ソフトバンクの牧原大成内野手(32)が3日のオリックス戦(みずほペイペイ)で、プロ15年目にして初めて規定打席に到達した。育成出身選手として初の「首位打者」獲得が確実。2010年ドラフト育成5位入団の苦労人が勲章をほぼ手中に収めた。
牧原大はこの日「3番・二塁」で出場し、3打数2安打で打率を3割4厘に押し上げた。3打席に立った時点でシーズン規定打席クリアとなるため、6回に代打を送られて途中交代。パ・リーグでは唯一、打率3割超えでシーズンをフィニッシュする可能性も高まった。

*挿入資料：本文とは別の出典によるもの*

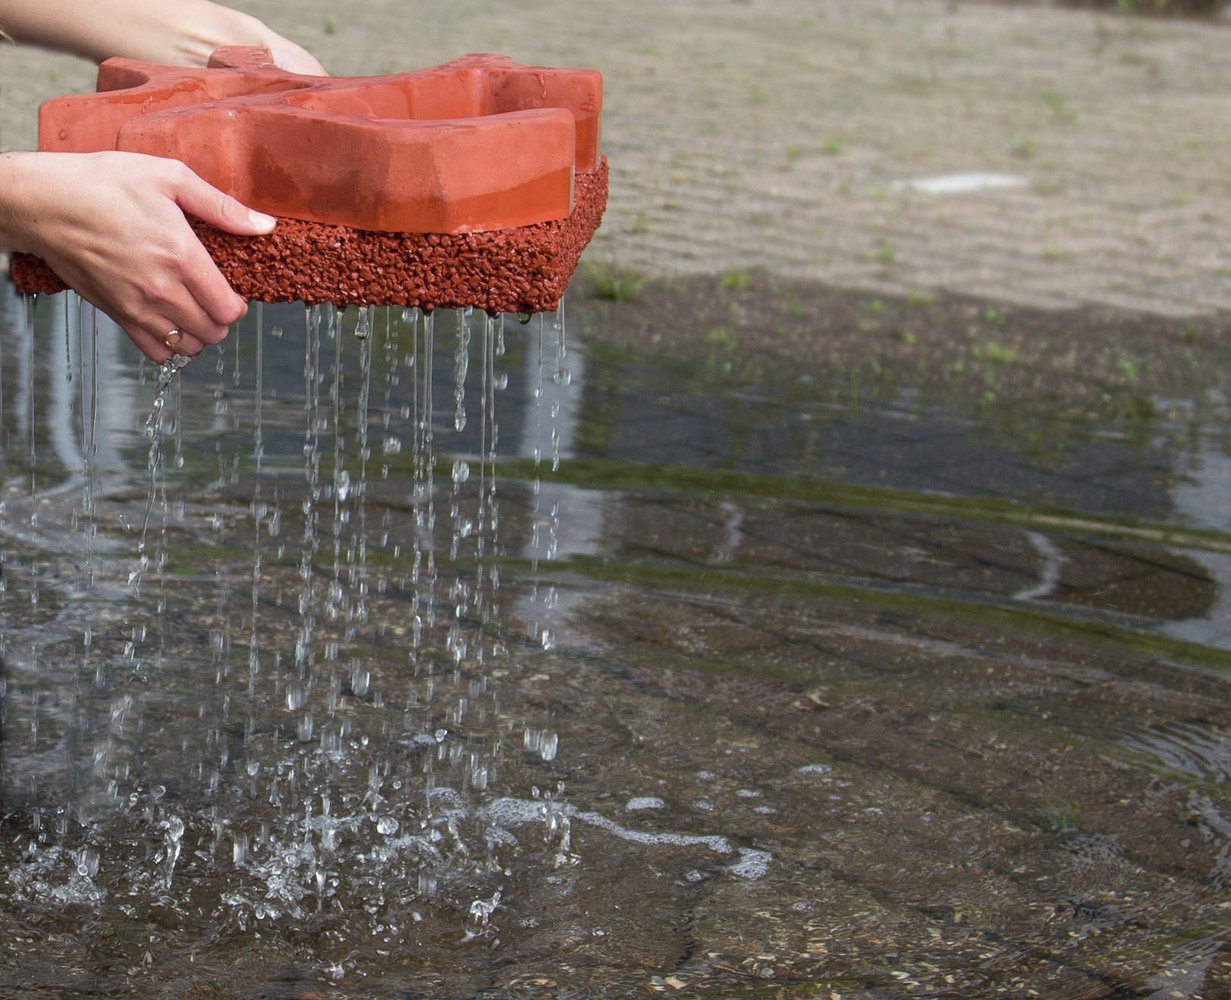 Concreto ultra poroso absorve a água da chuva instantaneamente

試合後、牧原大は「とりあえず3割を切らなくてよかった。それが一番ホッとしてます。2割台の首位打者…それはそれで記憶に残るかもしれないけど、やっぱり3割いってというところはすごく意識していました」としみじみと語り、胸の内を明かした。
投高打低の昨今、ましてやリーグで牧原大の他に一人もいない「3割打者」の価値は計り知れない。プレッシャーから解放された苦労人の口から漏れた本音が印象的だった。
普段は口数の少ない32歳は、こんな思いも打ち明けた。「なにせ千賀、拓也に追いつけたのはデカい。拓也でも打撃タイトルは獲ったことがないと思うんで。これからは胸張って同期でも一緒にやってきたと言えるのかなって思います。やっぱり目立つのは2人だったんで…。これでやっと仲間入りできたのかなって思います」。
10年ドラフトで育成4位が千賀滉大投手(32=メッツ)、同6位が甲斐拓也捕手(32=巨人)だった。牧原大にしか分からない劣等感――。ド根性ではい上がってきた男らしく、紆余曲折を経て輝かしい勲章を手にした。